Field Where it runs Purpose
osm.filter quackosm (PBF -> parquet) which OSM features enter cache
osm.select DuckDB SQL on cached parquet columns to keep
osm.where DuckDB SQL on cached parquet extra row filter (rarely needed)
overture.select DuckDB SQL on Overture S3 read columns to keep
overture.where DuckDB SQL on Overture S3 read row filter

OSM source schema

quackosm produces parquet with three columns:

  • feature_id (varchar): OSM type + id, e.g. node/12345
  • tags (MAP<VARCHAR, VARCHAR>): all retained tags
  • geometry

tags['key'] returns the scalar value (or NULL when the tag is absent). See the OSM Map Features wiki for available keys.

osm.filter accepts the quackosm tag-filter shape:

osm:
  filter:
    building: true                          # any value
    highway: ["primary", "secondary"]       # only these values
    amenity: ["hospital", "clinic"]

Overture source schema

Overture data lives at s3://overturemaps-us-west-2/release/<release>/theme=<theme>/type=<feature_type>/.

Theme Feature type Notable columns
addresses address id, country, postcode, street, number, unit
base bathymetry id, depth
base infrastructure id, names, subtype, class
base land id, names, subtype, class
base land_cover id, subtype, cartography.{min,max}_zoom
base land_use id, names, subtype, class, surface
base water id, names, subtype, class, is_salt, wikidata
buildings building id, names, class, subtype, height, num_floors, roof_*
buildings building_part id, height, num_floors
divisions division id, names, subtype, country, region, population
divisions division_area id, names, subtype, country, region
divisions division_boundary id, subtype, class
places place id, names, categories, addresses, phones, websites
transportation connector id
transportation segment id, names, class, subclass, subtype, road_surface

Authoritative reference: overturemaps.org/schema.

Overture renames types across releases (e.g. boundary -> division_boundary in 2026-04-15.0). Pin source.overture.release if you depend on a specific schema.

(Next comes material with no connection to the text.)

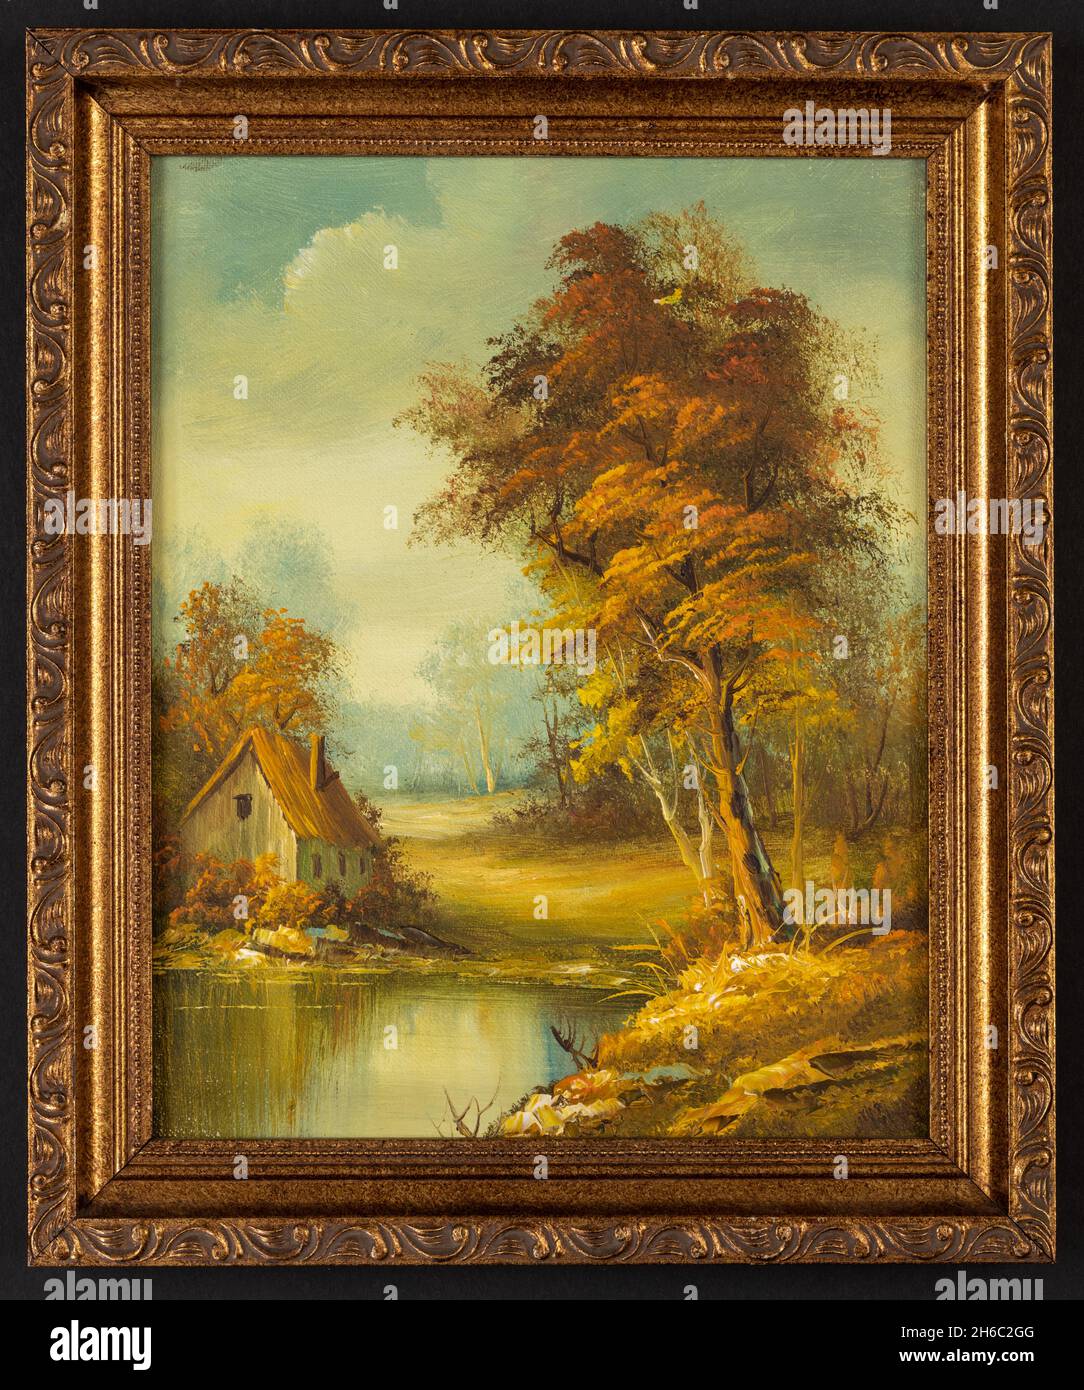 Peinture à l'huile d'époque encadrée représentant une petite cabane près d'un lac et de bois. Banque D'Images

Three ways to plug in a category set

  1. Inline in the country YAML. Drop a categories: block; it replaces the bundled defaults wholesale.
  2. Reference a separate file with categories_file: path/to/schema.yaml. That YAML must contain a top-level categories: list.
  3. Both. categories_file loads the base set; an inline categories: block then overrides for that country.

Bundled schemas

File What it produces
configs/examples/hot-schema.yaml 12 layers matching HOT's HDX exports
configs/examples/overture-package-schema.yaml 15 datasets, one per Overture theme/type
configs/examples/custom-schema.yaml Minimal 2-category example

The bundled defaults at src/oex/defaults/base.yaml ship the eight-theme combo (Buildings, Roads, Hospitals, Schools, Rivers, Land Use, Transportation Hubs, Settlements) drawn from both sources.

Optional per-category features

- name: Buildings
  transliterate:
    - target: name_latin
      source: name
      prefer: name_en

transliterate adds a Latin-script display column. When prefer is non-null it is used verbatim; otherwise source is transliterated via unidecode.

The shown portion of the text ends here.